DATE: 20030613
DOCKET: C39470
COURT OF APPEAL FOR ONTARIO
O’CONNOR A.C.J.O., SIMMONS and ARMSTRONG JJ.A.
B E T W E E N:
IN THE MATTER OF THE COMPANIES CREDITORS ARRANGEMENT ACT, R.S.C. 1985, c. C-36, AS AMENDED
AND IN THE MATTER OF A PLAN OF COMPROMISE OR ARRANGEMENT OF CONSUMERS PACKAGING INC., CONSUMERS INTERNATIONAL INC. and 164489 CANADA INC.
APPLICATION UNDER THE COMPANIES CREDITORS ARRANGEMENT ACT, R.S.C. 1985, c.

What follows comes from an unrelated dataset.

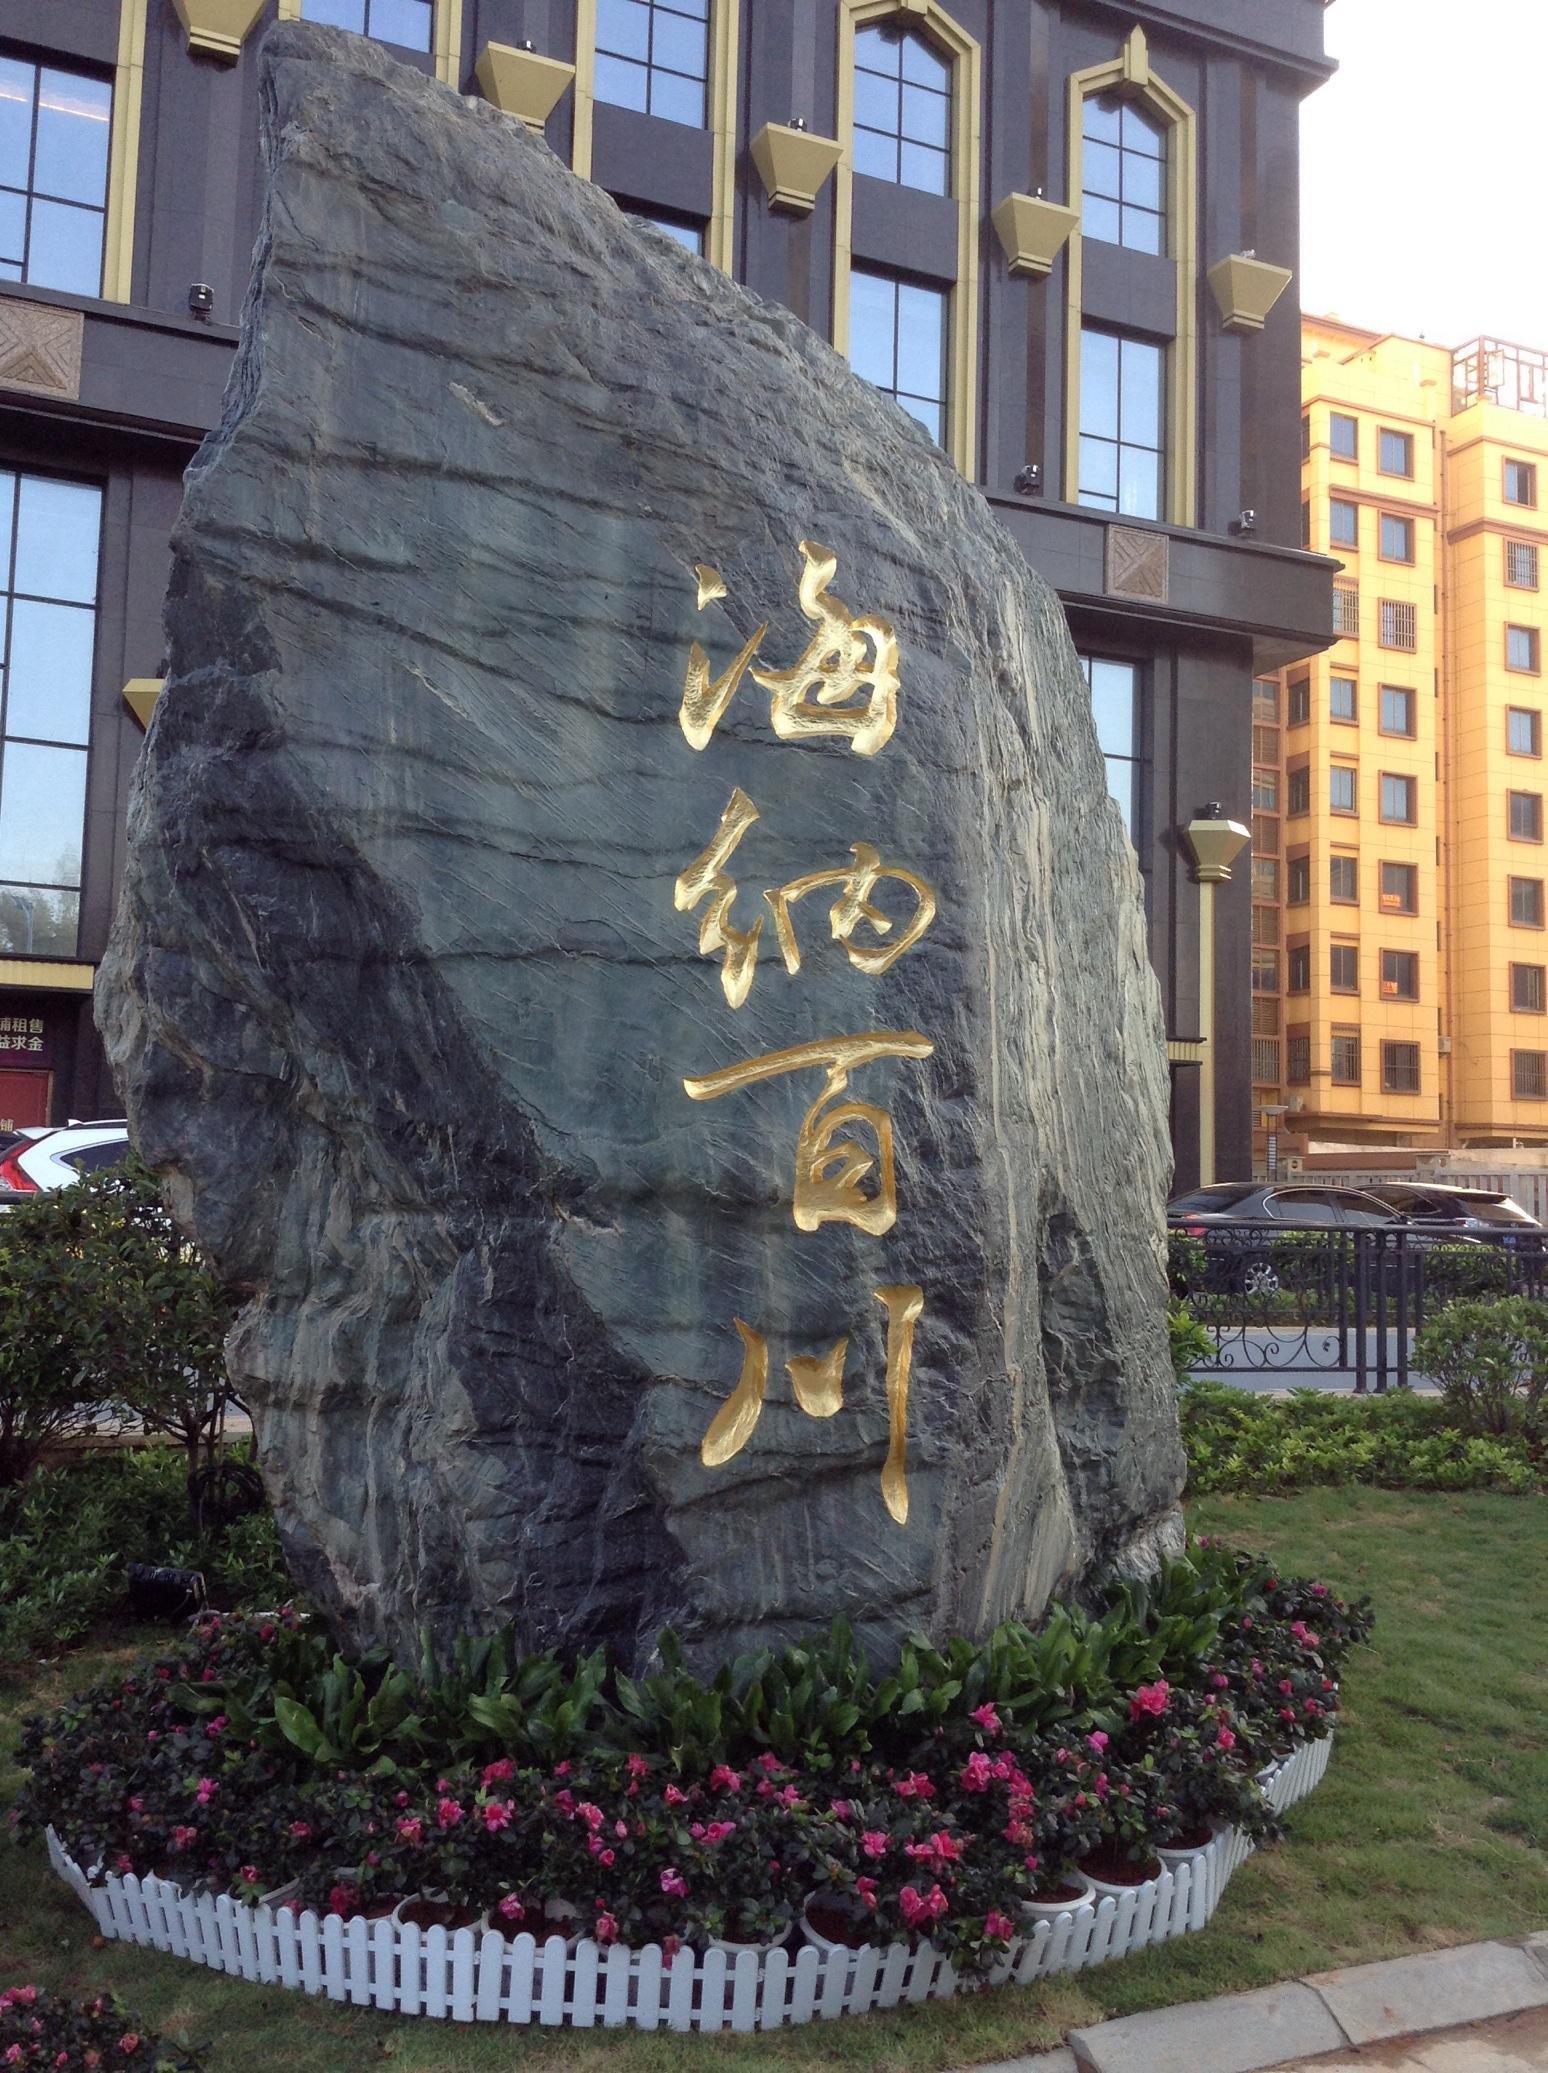 供应园林景观的日式园林石 日式园林石的价格 日式园林石的质地 日式园林石哪家有  日式园林石客户好评  日式园林石产地

C-36
Peter Griffin and Craig Martin for the appellant
Paul MacDonald and Brett Harrison for the respondent, KPMG Inc.
David Gruber for the respondent, KPMG Inc.
- and -
ONTARIO SUPERIOR COURT OF JUSTICE COMMERCIAL LIST IN BANKRUPTCY
IN THE MATTER OF THE BANKRUPTCY OF CONSUMERS PACKAGING INC.
- and -
IN THE MATTER OF CERTAIN TRIALS OF ISSUES DIRECTED BY ORDERS MADE OCTOBER 31, 2002
B E T W E E N:
MOLSON CANADA
Court appointed monitor
Heard: May 21, 2003
Plaintiff/Appellant
- and -
O-I CANADA CORP. and KPMG INC. in its capacity as Trustee in Bankruptcy of Consumers Packaging Inc.
Defendants/Respondents
On appeal from the decision of Justice James M. Farley of the Superior Court of Justice dated January 15, 2003.
BY THE COURT:
[1] The only issue that needs to be addressed in this appeal is whether the motion judge, Farley J., erred in holding that the Molson bottle claim did not qualify as a “CCAA claim”, as that term was defined in his Order of April 3, 2002. The relevant portion of the definition of a “CCAA claim” reads as follows:
any right or claim of any person against CPI that CPI is obligated to pay pursuant to paragraph 15 … of the Initial Order.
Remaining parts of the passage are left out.